| PROBLEM TO SOLVE |
Nothing but the pictures is dropped; write out all the remaining data below exactly.

| COLLECTED MATERIAL |
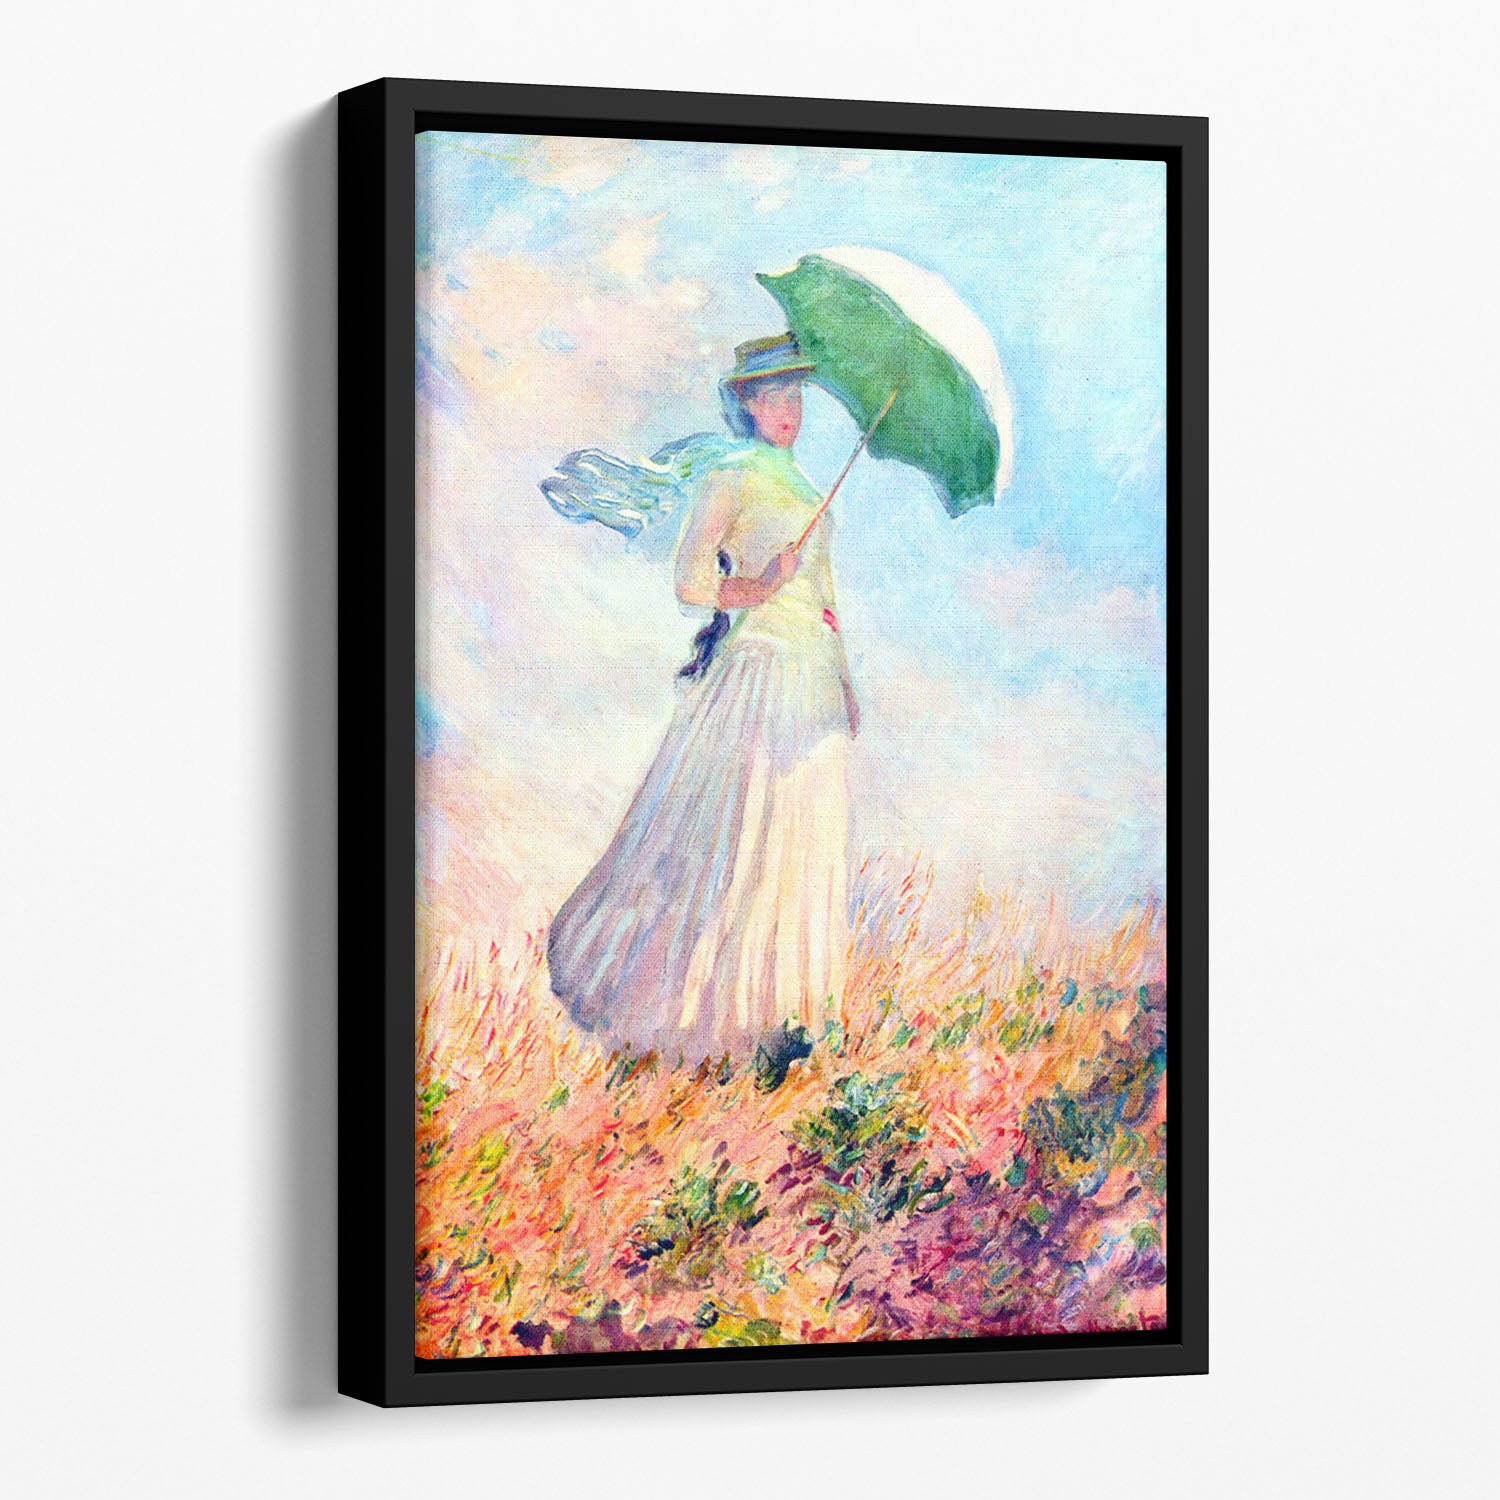 Lady with sunshade study by Monet Floating Framed Canvas
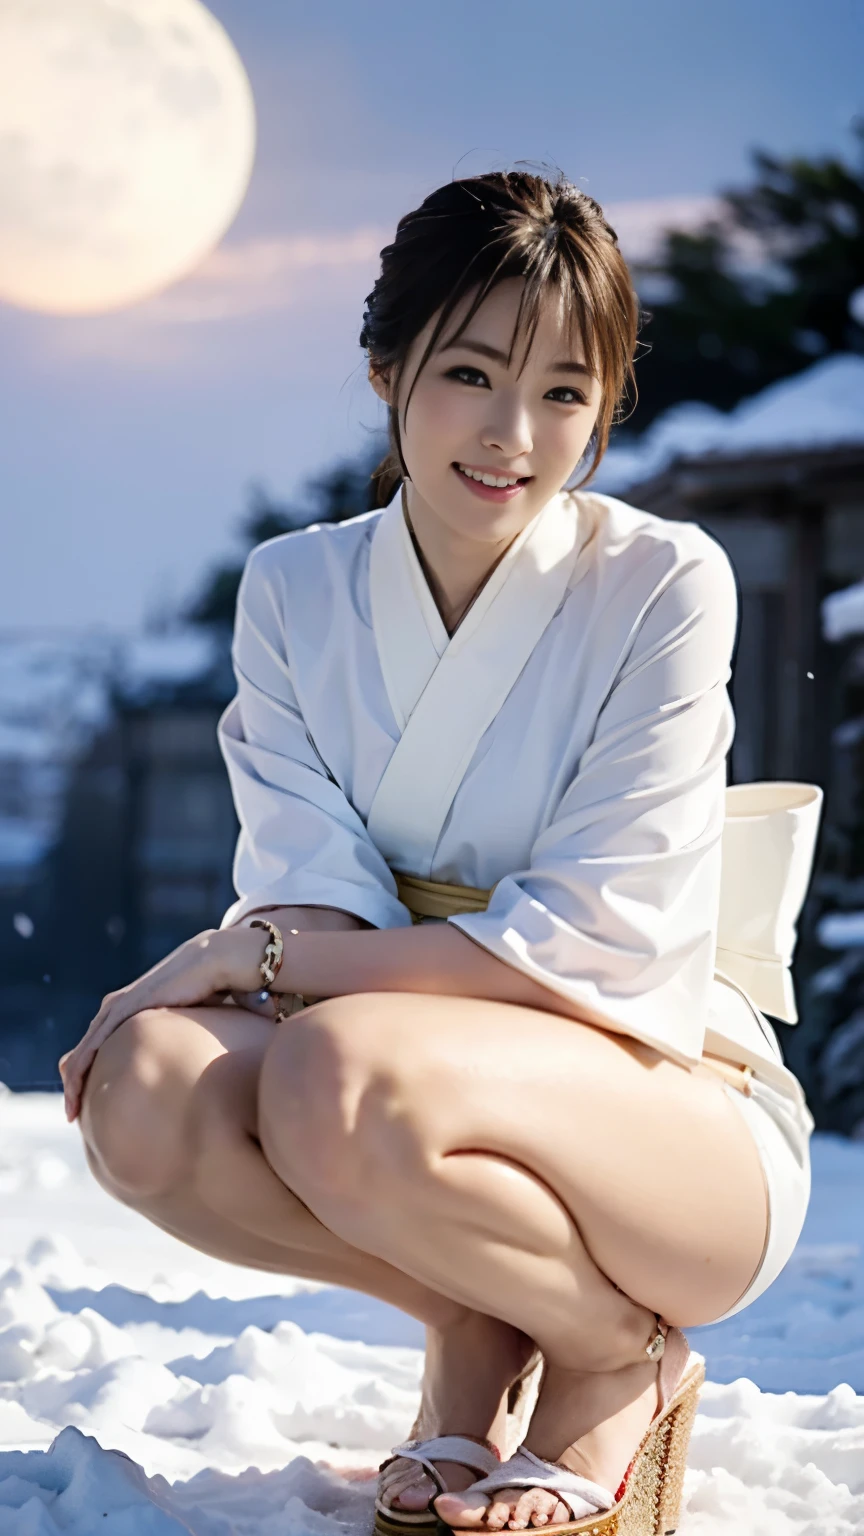 A beautiful woman standing on a snowy mountain at night wearing a pure white thin kimono that shows little skin.,(((In the moonlight of a blizzard, a snow woman looking good in a plain white kimono is squatting down, staring at me.))),Full body shot from a high rear position,best image quality,professional angle of view,Exceptional detail,Super high resolution,realistic:1.4),high detail,focus on details,1girl concentrated in high concentration,long hair,delicate and beautiful face,white small string bikini,Long limbs and slim waist like a model,White Pin Heels,The best smile with raised eyebrows and corners of the mouth,
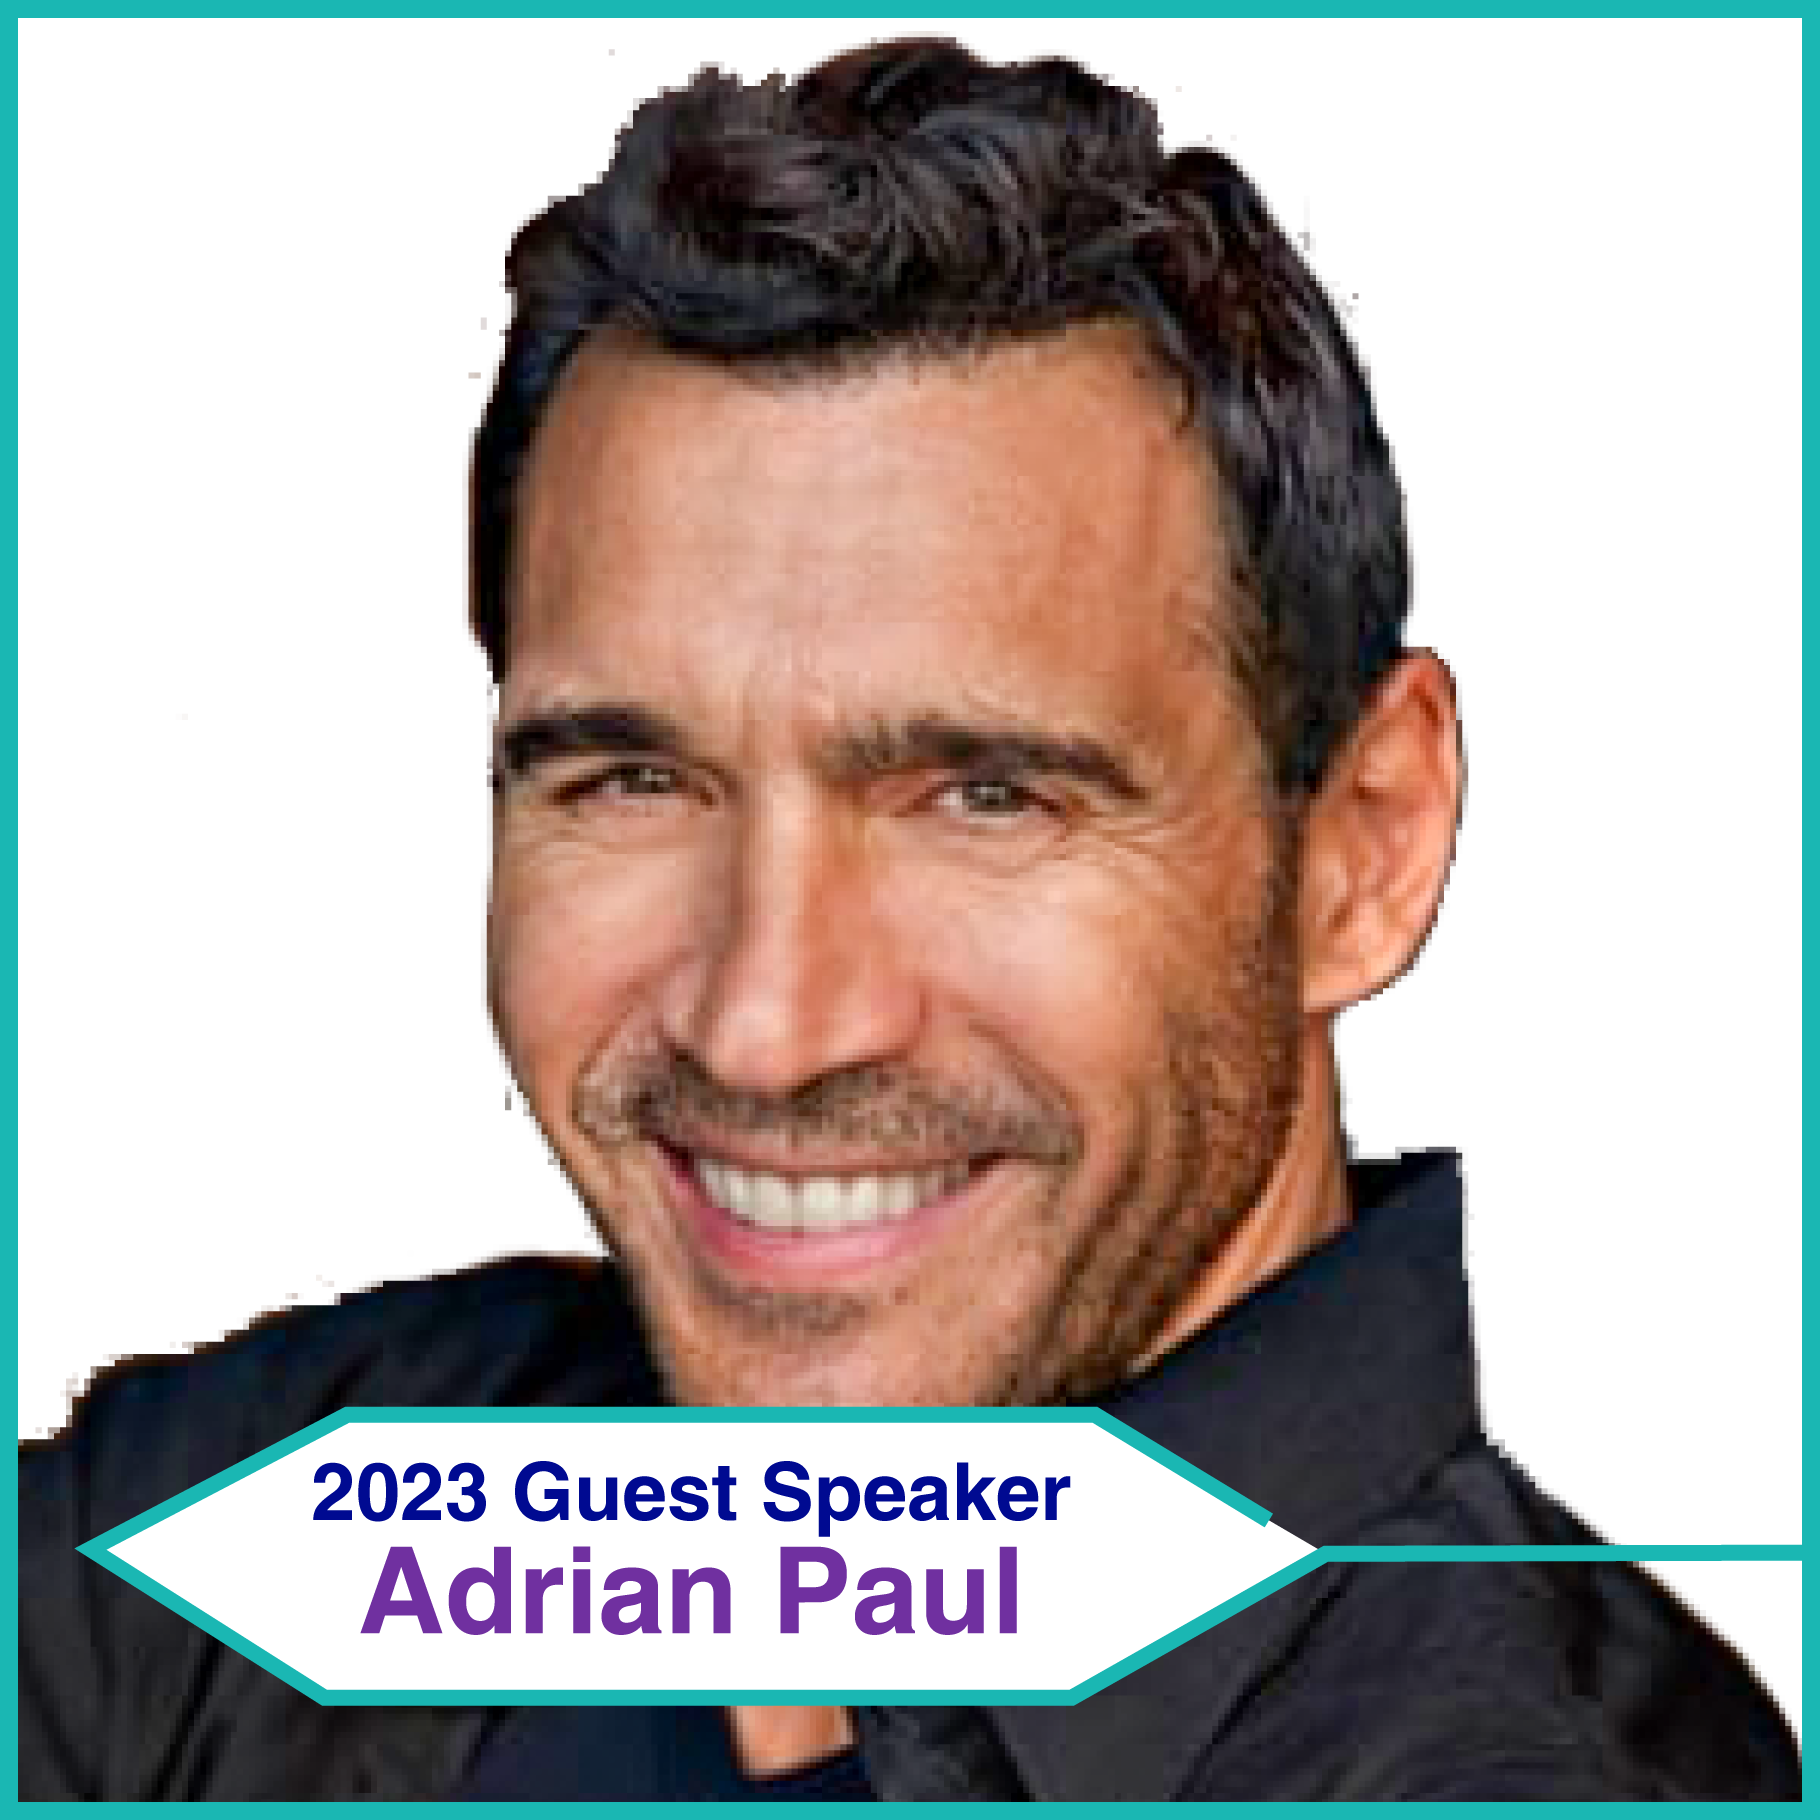 https://digifesttemecula.org/wp-content/uploads/2023/02/Adrian_Paul.png

| EXERCISE ANSWER |
 Lady with sunshade study by Monet Floating Framed Canvas
 A beautiful woman standing on a snowy mountain at night wearing a pure white thin kimono that shows little skin.,(((In the moonlight of a blizzard, a snow woman looking good in a plain white kimono is squatting down, staring at me.))),Full body shot from a high rear position,best image quality,professional angle of view,Exceptional detail,Super high resolution,realistic:1.4),high detail,focus on details,1girl concentrated in high concentration,long hair,delicate and beautiful face,white small string bikini,Long limbs and slim waist like a model,White Pin Heels,The best smile with raised eyebrows and corners of the mouth,
 https://digifesttemecula.org/wp-content/uploads/2023/02/Adrian_Paul.png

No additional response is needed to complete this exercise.